The following are the results from [Table 3] of the original paper:

Method	K.A↑	K.R ↑	Avg ↑
KORE	35.96	38.22	37.09
KOREMME	34.46	43.16	38.81
KOREOCRVQA	34.85	42.21	38.53
KOREMathT	35.20	42.87	39.03
KOREHallB	34.96	42.09	38.52

Obs 6: Specific constraints enhance knowledge retention and overall performance. Table 3 shows that applying specific knowledge-oriented constraints (e.g., KOREMME, KOREOCRVQA, KOREMathT, KOREHallB) leads to a slight reduction in Knowledge Adaptation (K.A) scores but a substantial improvement in Knowledge Retention (K.R) and overall Avg performance compared to the general KORE (r=235) setup. For instance, KOREMME increases K.R from 38.22 to 43.16 and Avg from 37.09 to 38.81. Figure 6 visually confirms that these specific constraints enhance targeted knowledge retention, with KOREMME showing a 7.17 gain on MME. This demonstrates KORE's flexibility for tailored knowledge preservation according to specific needs.

6.3. Various LMM Scales and Architectures

The paper further evaluates KORE's universality and robustness on larger (LLaVA-v1.5-13B) and architecturally distinct (Qwen2.5-VL-7B) LMMs.

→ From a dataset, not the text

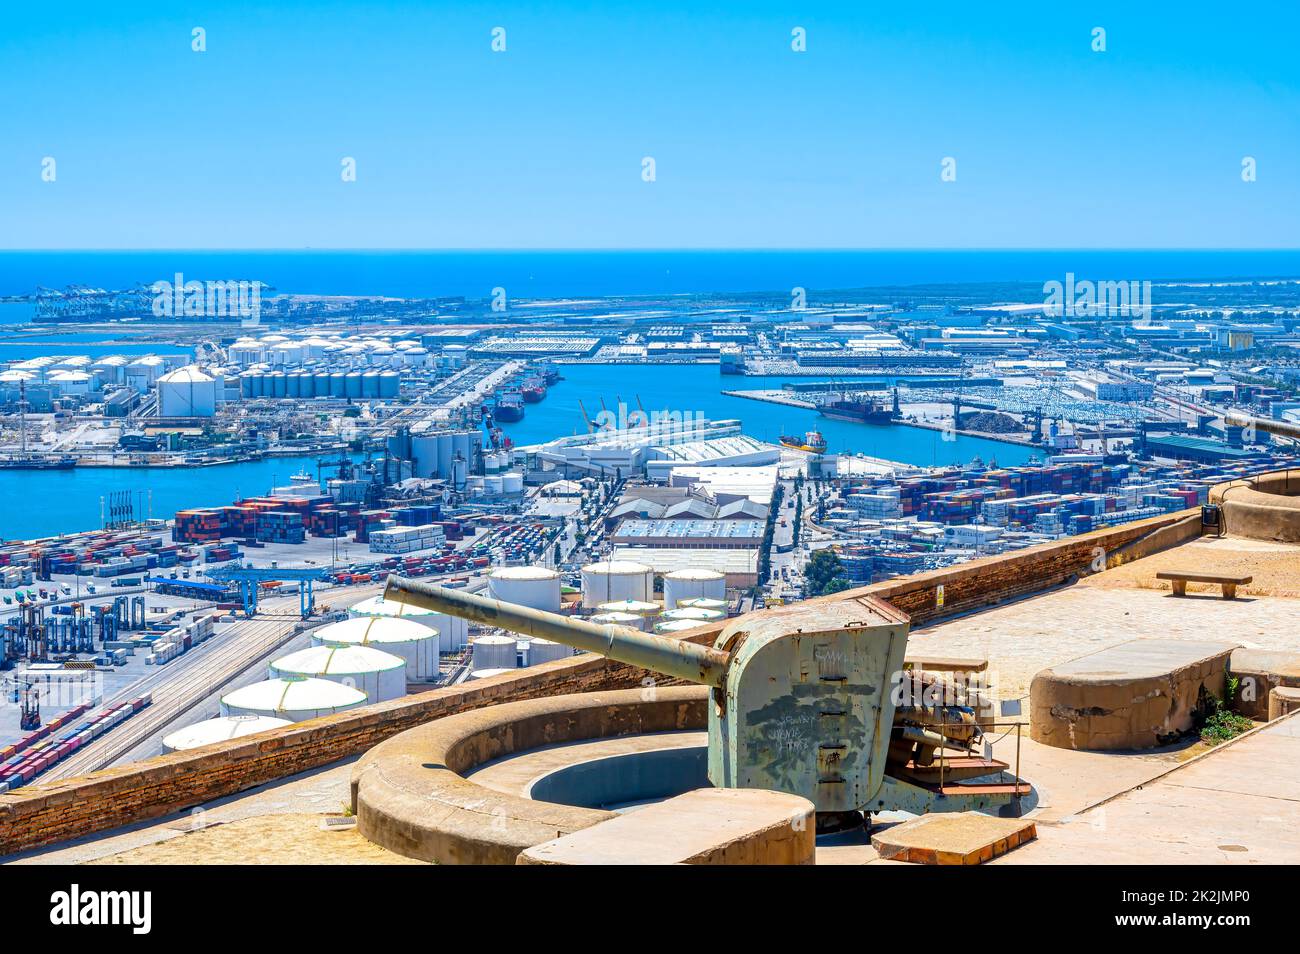 Montjuic Castle or Fort. High-angle view of a weapon with the port cityscape in the background. Stock Photo
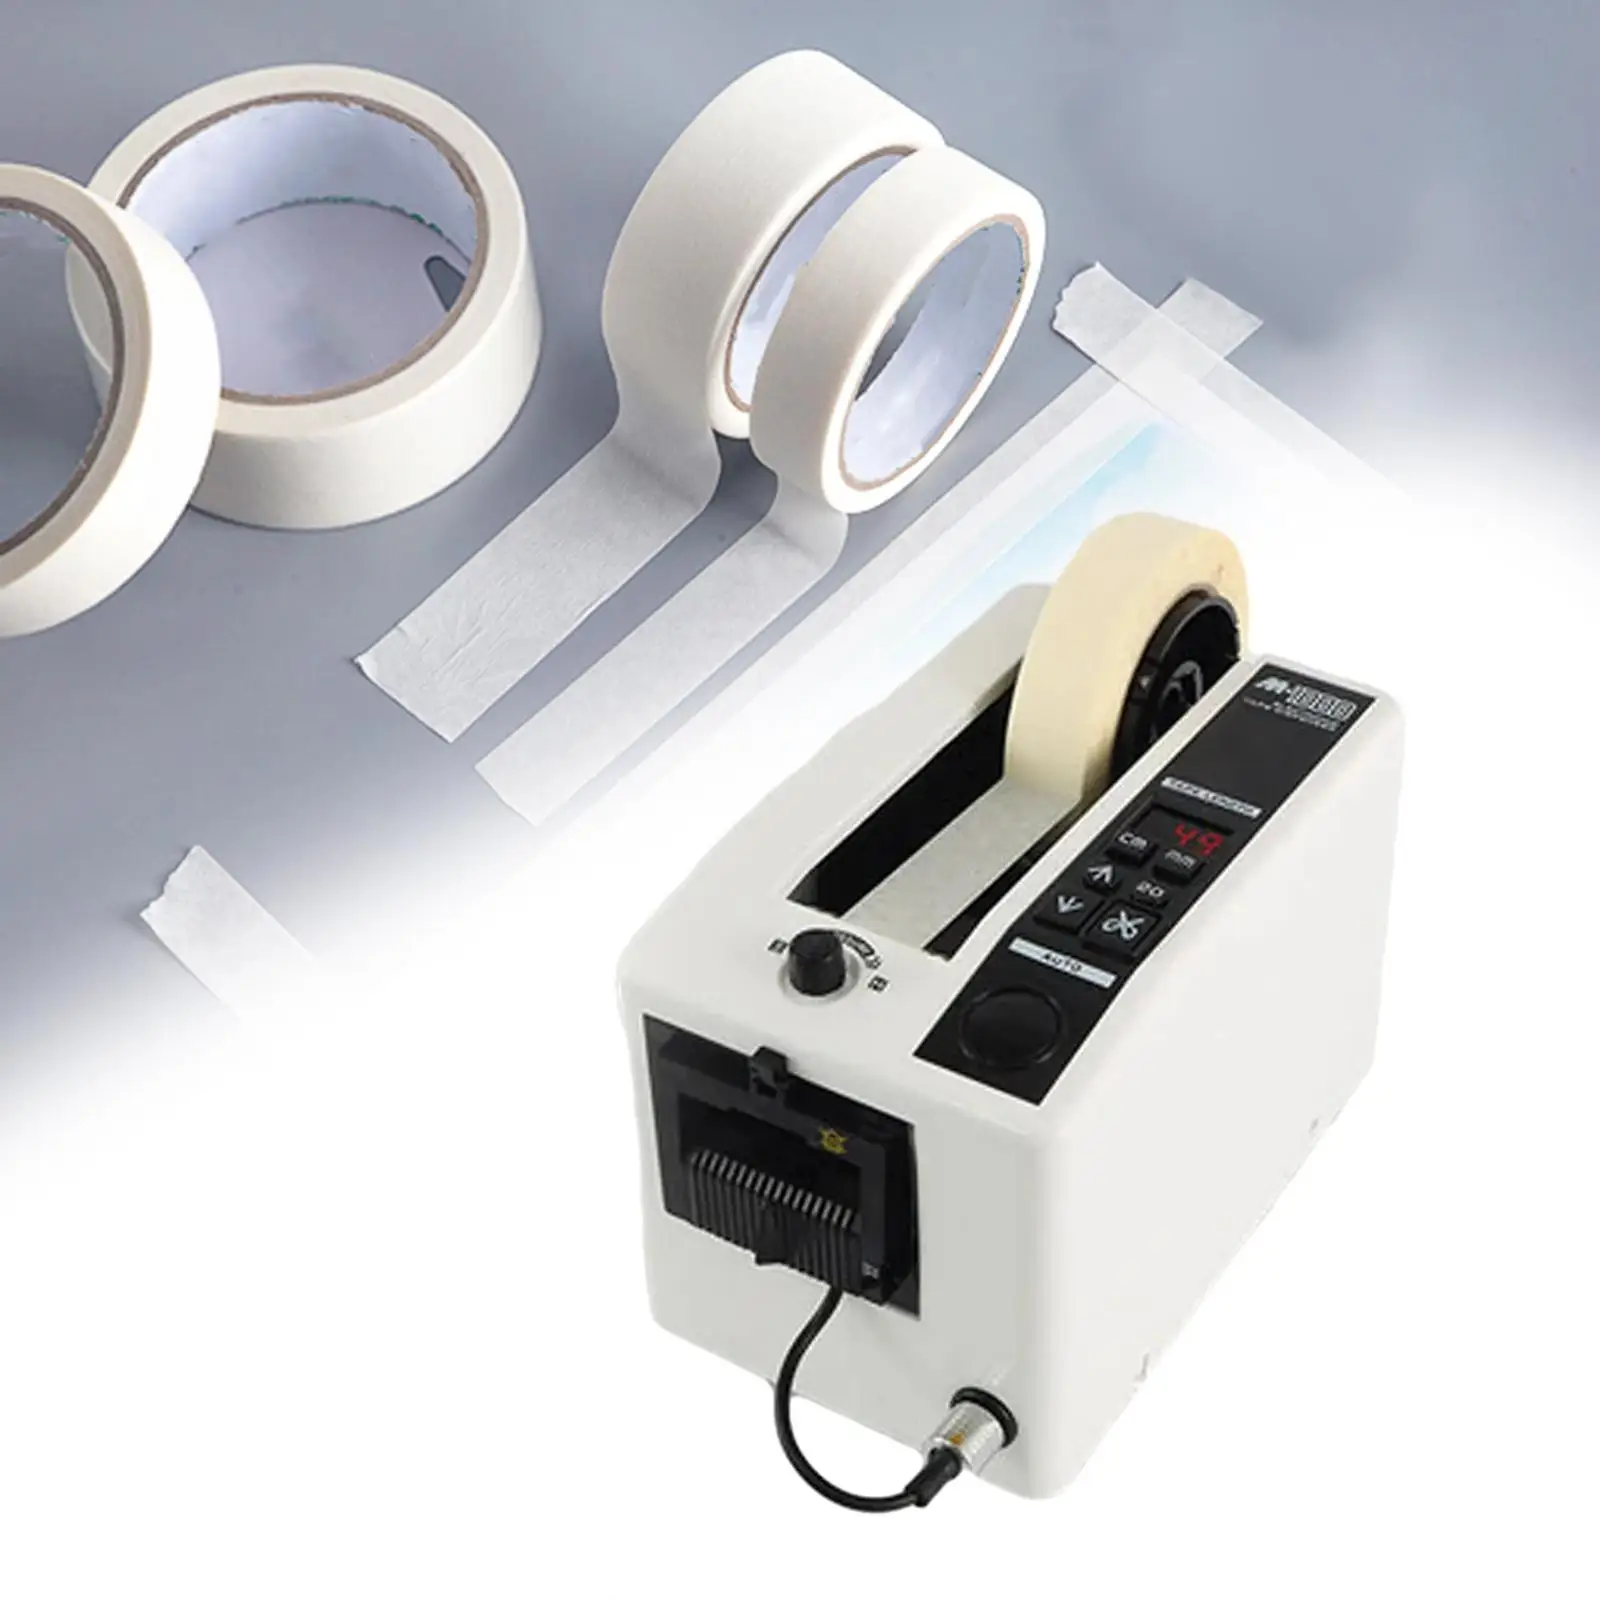 Automatic Tape Dispenser Portable Tape Cutter for 6-50mm Width Tapes Packaging Tape Transparent Tape Commercial or Personal Use

The following are the results from [Table 4] of the original paper:

Methods	Evoke		COM↑	OCR ↑	M-DIS ↑	INS ↑	M-IDU ↑	MAT	HAL↑Avg ↑
Methods	CEM↑	F1↑	COM↑	OCR ↑	M-DIS ↑	INS ↑	M-IDU ↑	MAT	HAL↑Avg ↑
LLaVA-v1.5 (13B)
Vanilla		—	66.86	51.12	52.70	66.04	33.93	19.64	56.77	—
LoRA	16.26	22.83	60.57	32.58	43.72	23.26	17.43	15.82	38.08	25.21
Replay	12.05	20.21	65.81	47.51	48.42	61.04	24.62	19.55	54.16	30.70
KorE	32.89	44.47	59.35	45.96	51.39	65.10	26.84	20.31	40.52	41.44
Qwen2.5-VL (7B)
Vanilla			81.18	70.32	65.35	78.46	61.25	47.69	66.96	—
LoRA	14.56	14.01	52.54	64.54	22.35	21.39	23.25	13.52	41.38	24.21
Replay	11.73	18.51	78.54	69.17	65.26	70.20	50.72	42.74	67.48	39.28
KORE	22.91	31.36	56.60	67.74	65.48	70.51	45.02	43.72	58.57	42.68

Obs 7: KORE shows enhanced superiority on a larger-scale LMM. On LLaVA-v1.5 (13B), KORE achieves CEM of 32.89 and F1-Score of 44.47, significantly surpassing LoRA (16.26 CEM, 22.83 F1-Score). It also demonstrates strong knowledge retention, achieving an overall Avg score of 41.44, which is a 10.74 improvement over Replay (30.70). This confirms KORE's strong potential for larger LMMs.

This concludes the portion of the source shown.